デミセクシュアル(Demisexual)とは、深い絆や信頼関係を築いた人にのみ、ごく稀に性的な感情を抱くセクシュアリティのこと。

関連記事:「ノンセクシュアルのゲイがデミセクシュアルを自覚した経験談

デミロマンティック

デミロマンティック(Demiromantic)とは、深い絆や信頼関係を築いた人にのみ、ごく稀に恋愛感情を抱くセクシュアリティのこと。

関連記事「デミロマンティックは信頼関係や人間関係の深さが重要、デミロマンティックあるあるとは?

グレーセクシュアル

グレイセクシュアル(Graysexual)とは、アロマンティックとアセクシュアルの間に位置するセクシュアリティのこと。性的な感情を稀にしか抱いたことのない人、性的な感情を抱くのかわからない人などがいます。

関連記事「グレーセクシュアルとは?滅多に性的欲求を感じないセクシュアリティ

グレーロマンティック

グレイロマンティック(Grayromantic)とは、グレイセクシュアルと同様、アロマンティックとアセクシュアルの間に位置するセクシュアリティのこと。恋愛感情を稀にしか抱いたことのない人、性的な感情を抱くのかわからない人などがいます。

ノンセクシュアル

ノンセクシュアル(Nonsexual)とは「非性愛者」とも呼ばれ、他者に対して恋愛感情は抱くが、性的な感情を抱かないセクシュアリティのことをいいます。

関連記事:「苦しい!ノンセクシュアルのゲイが感じる8つの苦悩!

リスロマンティックに関する動画

さらにリスロマンティックについて知りたい人に向けて、当事者の意見や経験を発信している動画を紹介します。

【リスロマンティック】私の体験談と自認きっかけ【LGBTQ】

自身のセクシュアリティについて話しているS.ちゃんねる。「思わせぶりな態度だと思われてしまうことがある」「釣った魚に餌やらない状態になりやすい」など、リスロマンティックあるあるを紹介しています。

さらに、セクシュアリティを自認したきっかけについても話しているため、リスロマンティックかどうか悩んでいる人にはヒントになるかもしれません。

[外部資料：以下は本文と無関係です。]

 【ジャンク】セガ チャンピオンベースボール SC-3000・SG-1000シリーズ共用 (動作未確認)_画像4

【リスロマンティック】グレイかアロマで悩む知識豊富なAセクさんと対談!新たな知見が得られるかも…!?

アセクシャル、レズビアン、バイセクシュアルの3人から構成されるモノクロセクマイCHでは、それぞれの視点から恋愛やセクシュアリティについて述べているのが特徴。LGBTQ当事者の交流会も開催したり、アセクシャルのコミュニティサイトAce Flagで日記を更新したり、さまざまな活動を行なっています。

こちらの動画では、リスロマンティックを自認して間もない視聴者の疑問に答えています。

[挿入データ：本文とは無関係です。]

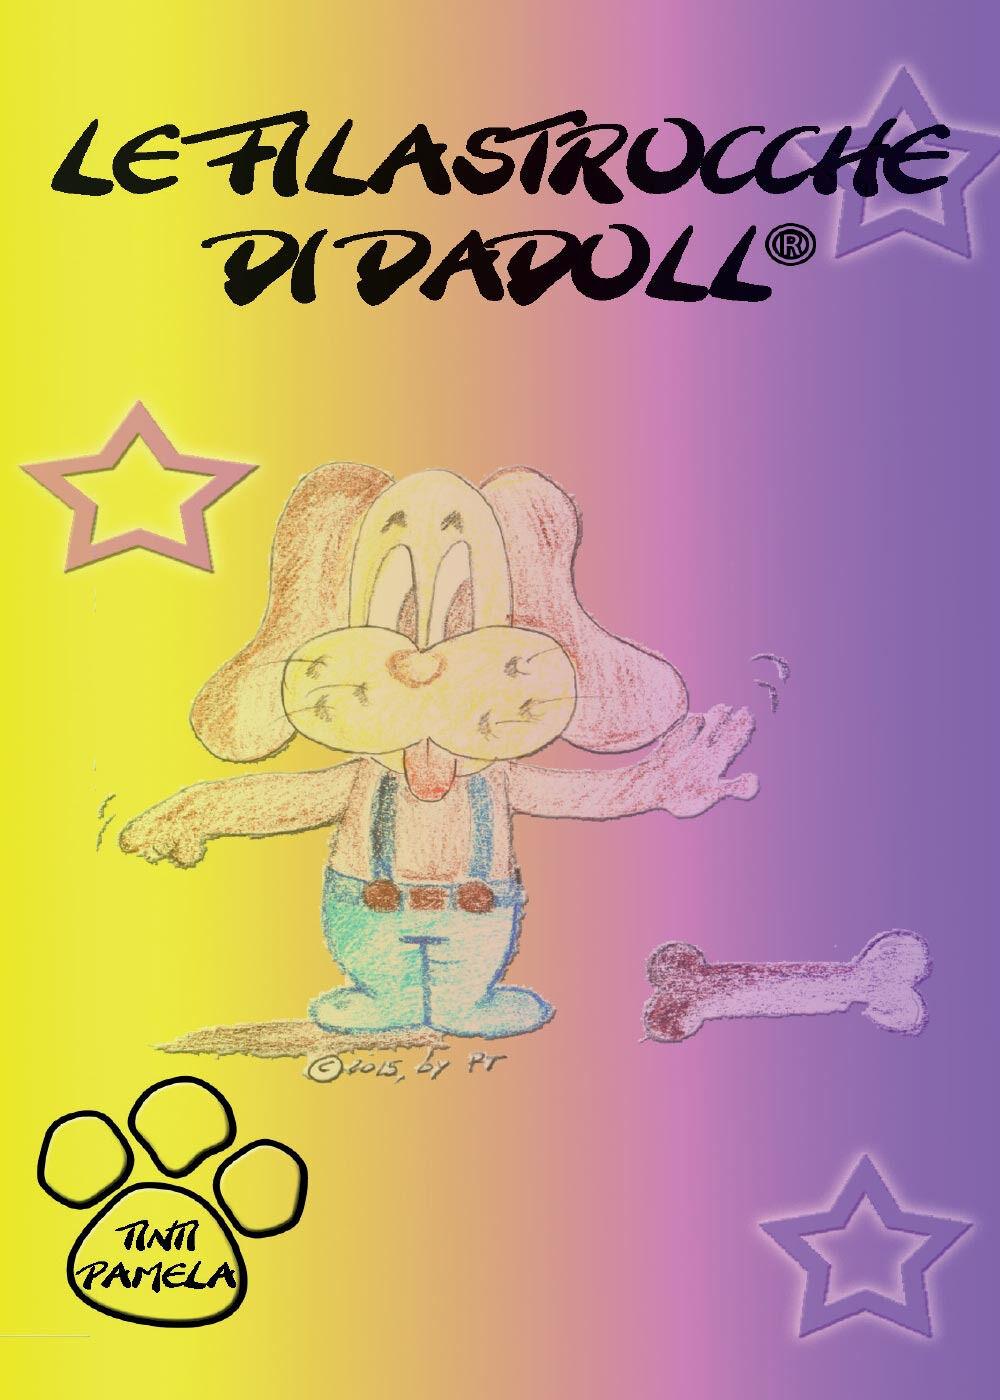 Le filastrocche di Dadoll

#01 リスロマンティック ぴょんちゃん篇 (1/5) レズビアン対談

tomo channel #アセクシャルでは、Ace(アセクシュアル関連)やLGBTQに関してのさまざまな情報を配信。こちらの動画では、リスロマンティック当事者のゲストと対談形式でセクシュアリティについて話しています。

対談は6回に渡って行われ、リスロマンティックについて詳しく知りたい人、知識を深めたい人におすすめです。プレイリストから対談の一覧を見ることができます。

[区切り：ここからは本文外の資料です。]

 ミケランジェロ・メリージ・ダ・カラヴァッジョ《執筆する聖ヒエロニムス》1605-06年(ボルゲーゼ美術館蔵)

【まとめ】リスロマンティックとは?両思いになりたいわけではないセクシュアリティ

恋愛にはさまざまな形があります。社会では恋愛することが一般的だとされていますが、そうでない人が存在することを認識することも求められます。

単語を耳にする人は少ないかもしれませんが、リスロマンティックは1つのセクシュアリティであり、異常なものではありません。性のあり方はグラデーションと言うように、リスロマンティックもその中の一部なのです。